Lewis approaches the 1825 A Minor Sonata somewhat in the manner of Beethoven, emphasizing its motor aggression, though its musical means prove more roundabout than Beethoven’s for expository narrative. A degree of fantasy and dreamy introspection characterizes the evolution of the first movement, despite the “fate” motif that follows repetitively after the chromatic opening motif.  Lewis’ bass chords are worth a lesson all their own. The expansive C Major Andante proffers another of Schubert’s marvelous variation movements whose sudden shifts in key or accent move mountains.  After a sparkling A Minor movement,  Scherzo, the martial qualities of which hearken back to the first movement, The Rondo (Vivace) has Lewis realize a nervous exuberance in the form of a moto perpetuo that can become singularly manic. For a performance of equal balance of martial and mercurial forces, I’d look back to the old CBS inscription by Eugene Istomin.

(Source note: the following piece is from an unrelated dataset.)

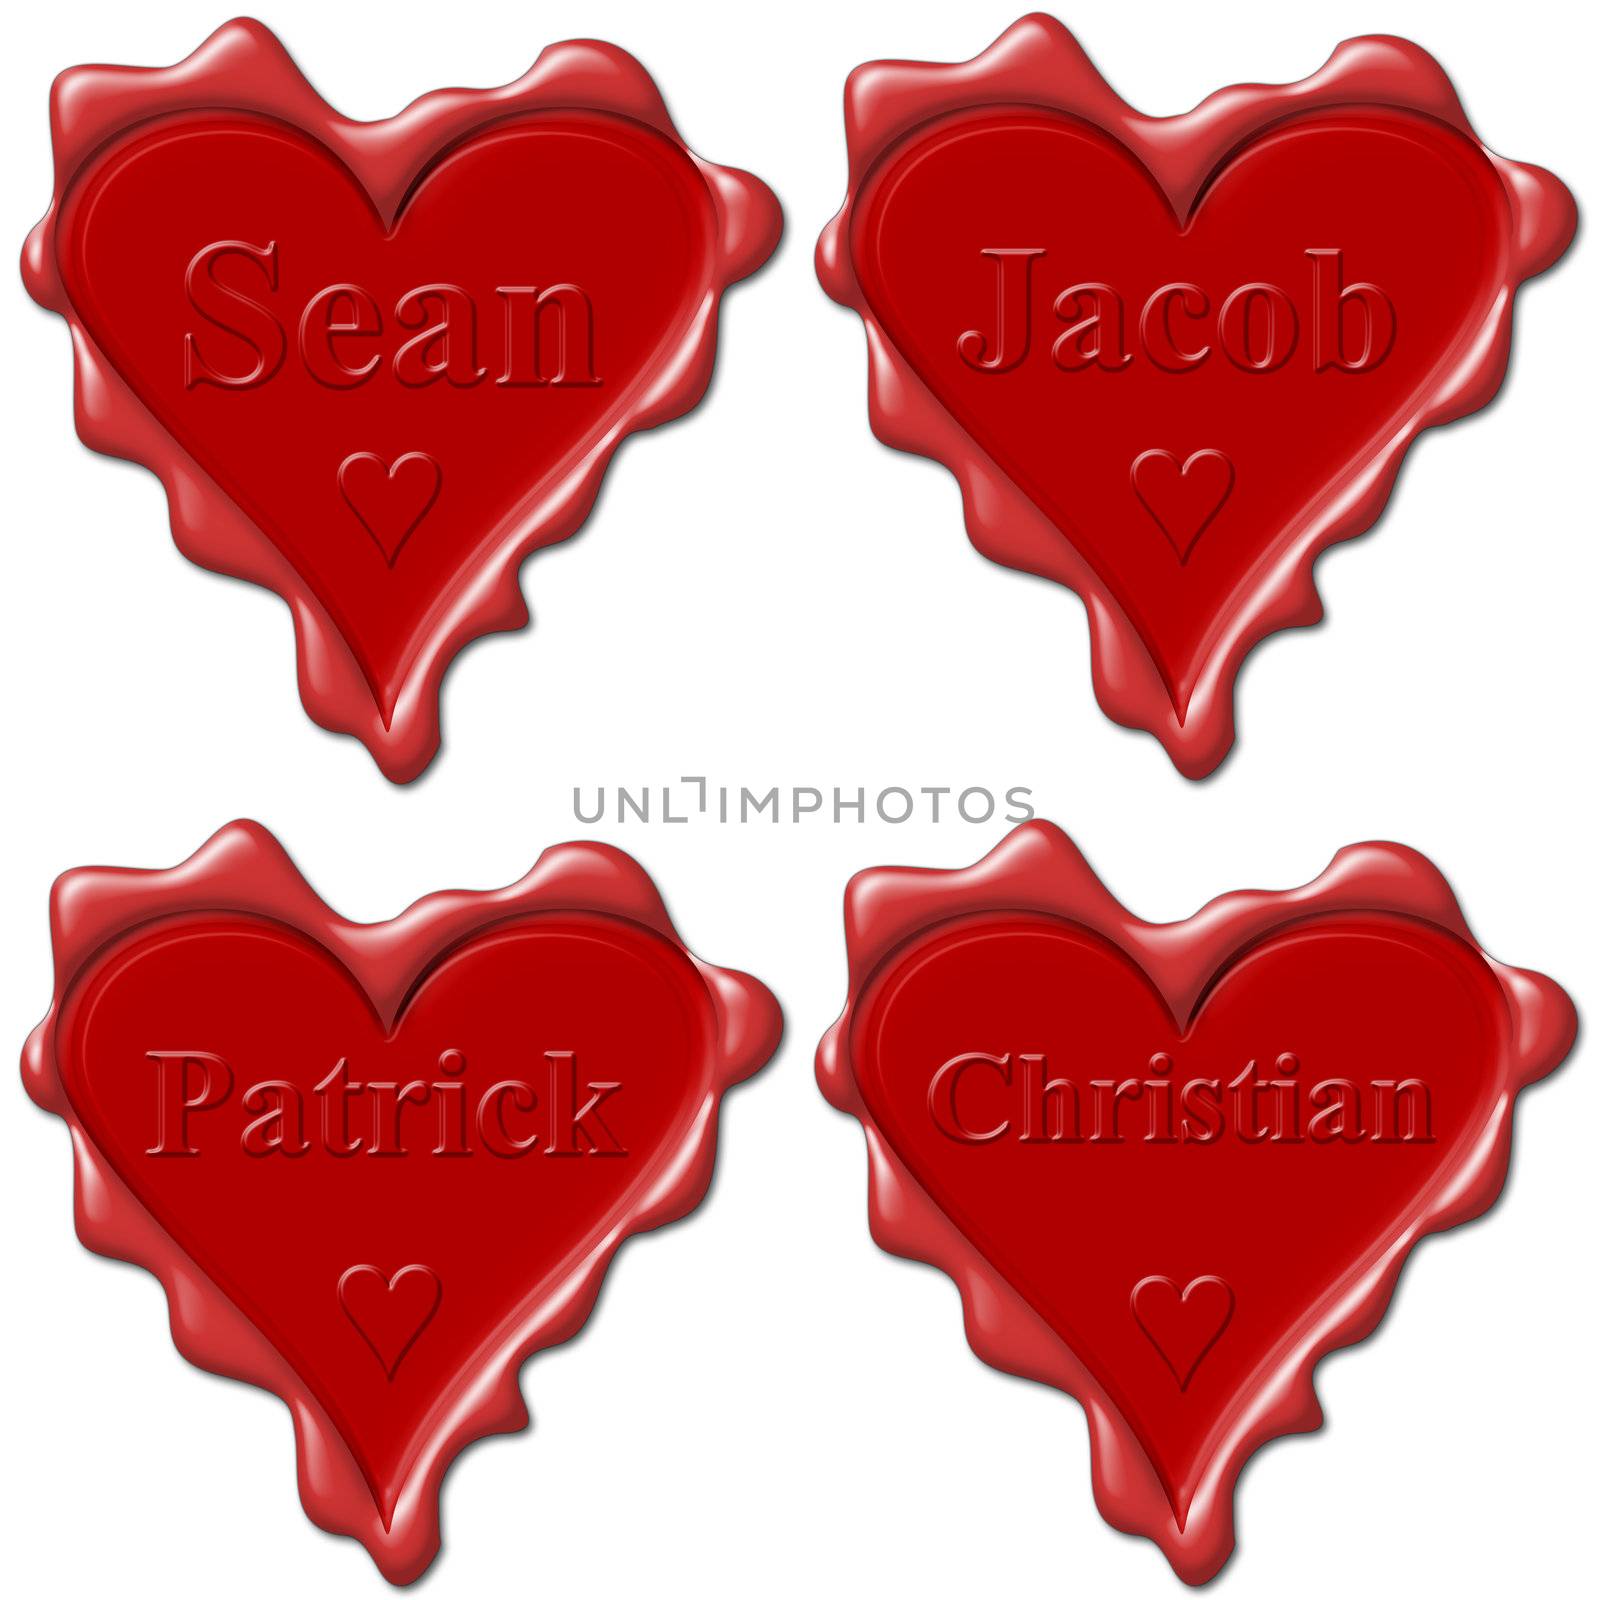 Valentine love hearts with names: Sean, Jacob, Patrick, Christia by mozzyb

The pieces composed 1823-1828 and assembled as 6 Moments Musicaux have had splendid inscriptions by diverse personalities, from Paul Badura-Skoda to Rudolf Serkin. Their mercurial, often haunted, melancholy beauties in unexpected key transitions still compel us to rethink their value as salon or dance music. The Bach-like C-sharp Minor has long provided my own theme tune for my radio program, in the Serkin rendition. The most purely lovely may well be the Andantino in A-flat Major, the second of the set, which Lewis grants lyrically genial scope, intimately thoughtful. No less expressively resonant are the leider-like F Minor miniature No. 3 and its parallel  F Minor No. 5, but this time furioso. Most subtle of the set, the last, Allegretto, sets a nostalgic tone through Lewis’ impeccable sense of technical drama.   Finally, Lewis renders an old Schnabel favorite, the C Minor Allegretto, a piece whose alternations of major and minor gain substance and dark nobility through this British pianist’s canny sensitivity to Schubert’s idiosyncratic style.